The UPFI universe includes prediction markets for electoral contests within the United States at federal, state, and local levels. UPFI incorporates the following categories of electoral contests.

  1. Presidential Elections (Federal)
    • General election markets (Republican party vs. Democrat party)
    • Party Margin of Victory markets are used when available
  2. Senate Races (Federal)
    • Senate control markets (Republican party vs. Democrat party majority control)
    • Special elections to fill vacant seats
    • Party Margin of Victory markets are used when available
  3. House of Representatives (Federal)
    • House control markets (Republican party vs. Democrat party majority control)
    • Special elections for vacant seats
    • Party Margin of Victory markets are used when available
  4. Gubernatorial Elections (State)
    • Party representative winner markets (Republican party vs. Democratic party)
    • Party Margin of Victory markets are used when available
  5. Mayoral Contests (Local)
    • Party representative winner markets (Republican party vs. Democratic party)
    • Party Margin of Victory markets are used when available

Platform Requirements

Currently the UPFI is composed exclusively of Kalshi-listed prediction markets.
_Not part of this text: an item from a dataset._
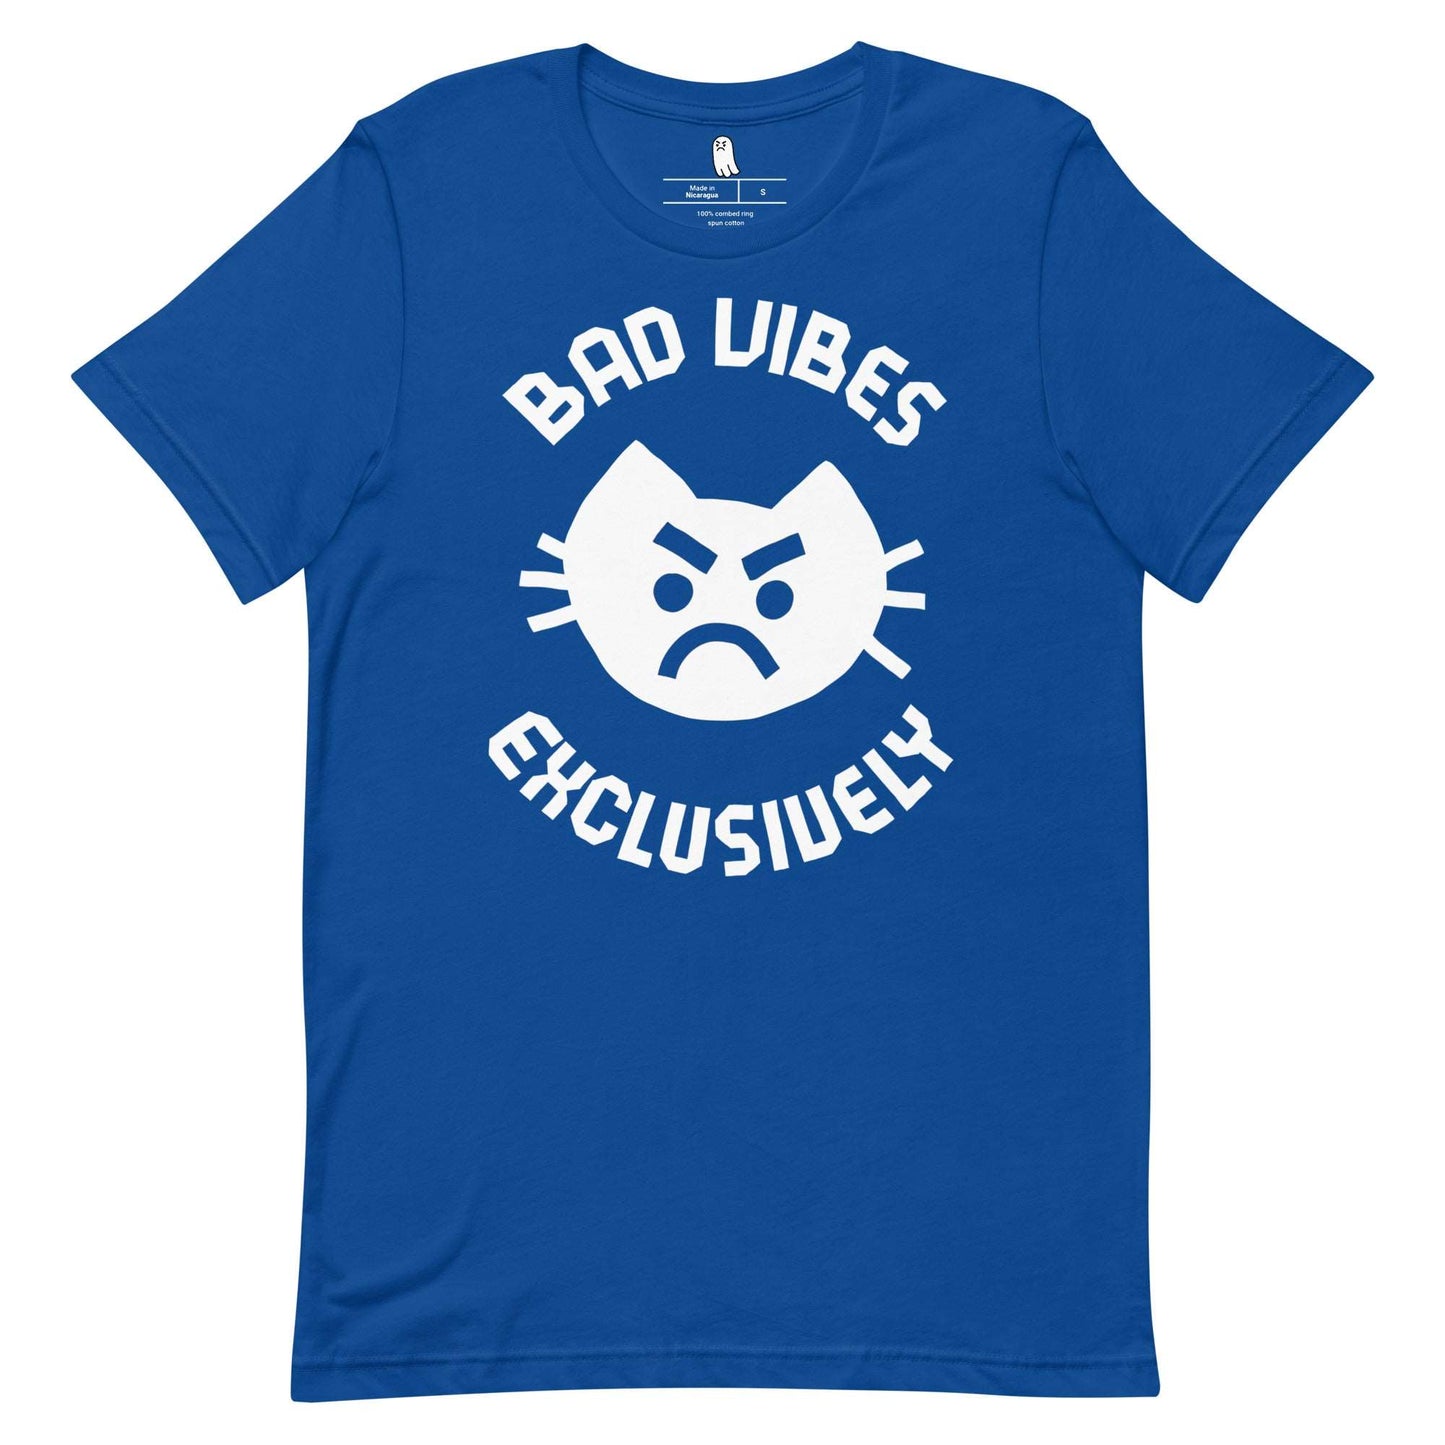 Bad Vibes Exclusively Tee

There are currently no plans for inclusions of other markets from other prediction market exchanges. However, future eligibility considerations for inclusion would likely center upon the following criteria:

  • Licensed and regulated prediction market operators
  • Minimum 12-month operational history
  • Demonstrated market integrity and settlement procedures
  • Real-time data feeds available via API or direct access
  • Transparent terms of service and market rules
  • Broad market listing across electoral contest categories laid out in the above section with reasonable volume and intent to list future election markets after resolution

Volume Thresholds

UPFI does not currently impose minimum volume or trading activity thresholds for market inclusion. This approach is adopted for several reasons

  • Many politically significant contests occur in markets with naturally limited liquidity and/or volume
  • Early exclusion of low-volume markets would reduce the index's comprehensive coverage
  • Emerging markets require time to develop trading activity and election markets are often listed multiple years in advance
  • Volume thresholds could inadvertently exclude important but niche electoral contests such as politically relevant local elections
  • Fixed volume requirements create incentives for artificial volume inflation and potential manipulation

Rather than excluding markets based on volume, UPFI incorporates volume based weighting

  • Lower-volume markets receive proportionally reduced weight in index calculations
  • Volume-weighted pricing mechanisms reduce the impact of thinly traded markets

The Index Committee reserves the right to introduce volume-based inclusion criteria as prediction markets mature:

  • Minimum 1-month advance notice before implementing volume thresholds
  • Gradual phase-in over 1-month period to allow market adaptation
  • Grandfathering provisions for existing included markets
  • Regular reassessment of threshold appropriateness

Data Quality

All included markets must meet the following data quality requirements

  • Real-time price updates (≤5 minute delay acceptable)
  • Historical price data availability for ≥30 days
  • Volume and open interest data available
  • Clear timestamp and timezone information

Constituent markets must have

  • Unambiguous resolution criteria
  • Clear Republican vs. Democratic classification
  • Standardized contract specifications
  • Reliable settlement history

Future Categories

The Index Committee reserves the right to introduce new markets in the future such as:

  • Candidate markets
  • National popular vote markets
  • Electoral College outcome markets
  • State-by-state presidential markets (swing states prioritized)
  • Individual seat contests (typically 33-34 seats per cycle)
  • Senate majority control markets
  • Competitive seat identification (races within 40-60% probability range)
  • Special elections
  • Open seat contests
  • High-profile incumbent challenges
  • House majority control markets
  • Seat count over/under markets
  • Geographic region control markets (where available)
  • Recall elections (California-style)
  • Succession/resignation replacement contests
  • Recall/special elections in major cities
  • Proposition/ballot measure markets (policy rather than candidate)

3.2 Inclusion/Exclusion Criteria

Markets are eligible for UPFI inclusion if they meet all of the following criteria:

  1. Binary Republican vs. Democratic outcomes - Clear two-party classification possible
  2. Future resolution date - Contest has not yet occurred or been resolved
  3. Minimum time horizon - ≥30 days until resolution
  4. Platform eligibility - Listed on approved prediction market platform
  5. Volume threshold - Meets minimum volume and activity requirements
  6. Data availability - Real-time pricing and historical data accessible
  7. Geographic relevance - US federal, state, or qualifying local contest

Markets are excluded from UPFI if they exhibit any of the following characteristics:

  • Markets that have already resolved
  • Markets with unclear or subjective resolution criteria
  • Markets with settlement disputes or integrity issues
  • Suspended or halted trading markets

Special Election Handling

The Index committee reserves the right to follow an accelerated inclusion process in special circumstances, including but not limited to: listing of a major market with ≥30 days until resolution with clear large volume or relevance (i.e. Presidential market only opening 15 days before the election). 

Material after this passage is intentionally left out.